You’re probably wanting to ask…just how much drinking and drugs did this poor child do during her teens and twenties?! The answer is: none. I had my first beer when I was 26 and have never tried a hard drug in my life. One can only wonder what would have become of me if I’d indulged in the habits of a typical teenager. With my daily adrenal exhaustion-induced panic attacks, nervous breakdowns, and suicidal depression, alcoholism would have been second nature. Struggling with my weight in spite of cooking healthy, balanced meals, cocaine was a concept I was tempted to explore. Luckily for me, I rarely ran in the social circles that made such things available. Considering I’d had binge eating disorder severely between the ages of 20 to 23, how easily would I have become addicted to any sort of abusable substances had I been foolish enough to try them?

I am most fortunate to have a ‘light on’ somewhere deep within me, that has steered me towards the best decisions during even my darkest times. I was always subtly aware, yet still in denial, that I wasn’t able to enjoy ‘days in the sun’ like most people. I never had a life of daily pasta, pizza, bread, sweets, bags of chips, or glasses of wine, followed by sleepless nights of partying with beer. My awareness was…I chose a healthier life because I wanted to look and feel my best and age without a host of degenerative conditions. But my denial was that I couldn’t admit I never even had the option to live like others. I would have at least become a fully exhausted diabetic burnout in my early twenties, had I not chosen to adopt a health conscious lifestyle.

By my late 20’s and 30’s, there were scarcely any remnants of my old binge eating disorder. At age 33 I had my first experience of not only making it home from the store with an uneaten chocolate bar, but stashing it in the cupboard and then completely forgetting it was there. A couple weeks later I stumbled upon it and was like…oh goody, a chocolate bar. After over ten years of eating ‘in the zone’, my brain was fully rewired in its relationship to food. I’ve now been eating in the zone for 22 years, and am still enjoying full liberation from the hellacious constant need for sugar and salt that I once suffered.

After half a lifetime of pain and diligence…does it seem unfair that I, of all people, should develop a crippling autoimmune disease? Why yes, it most certainly does. In my 30’s the last remaining traces of my health problems were IBD, occasional colitis symptoms, and intermittent Estrogen Dominance. AS took me by surprise.

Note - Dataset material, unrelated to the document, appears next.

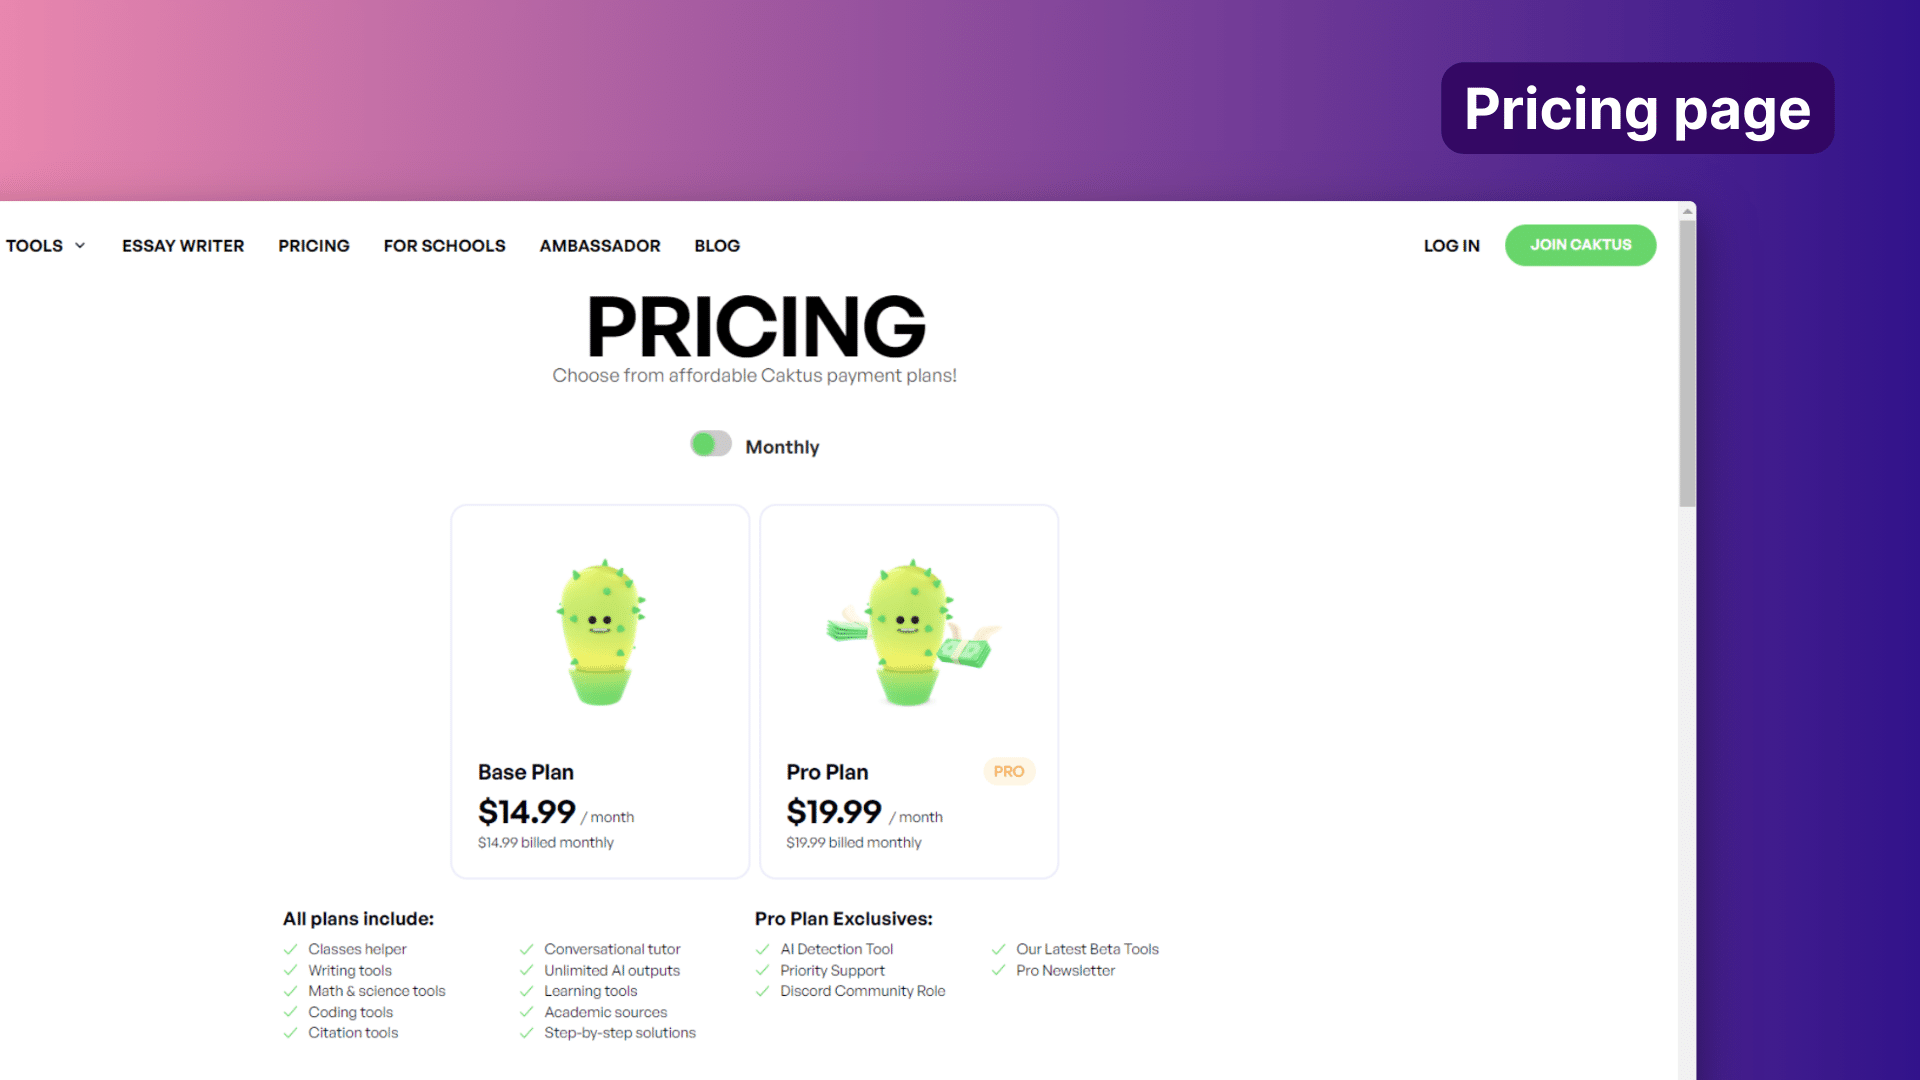 caktus pricing

However, I now have a much greater understanding of how those remaining conditions could tailspin me into autoimmunity. Four months after my diagnosis I would read the GAPS Diet book, Gut and Psychology Syndrome, by Dr. Natasha Campbell McBride, and gain a certain deep gratification by finally being able to conclude, beyond the shadow of doubt, that there are others like me and that we most definitely cannot do the things that ‘normal’ people get to enjoy. We are GAPS people and we either take great care of ourselves or dearly suffer the consequences, and all too often…both.

This is the ongoing story of my experience with a crippling autoimmune disease, Ankylosing Spondylitis, that I’m putting in remission with diet and stem cells!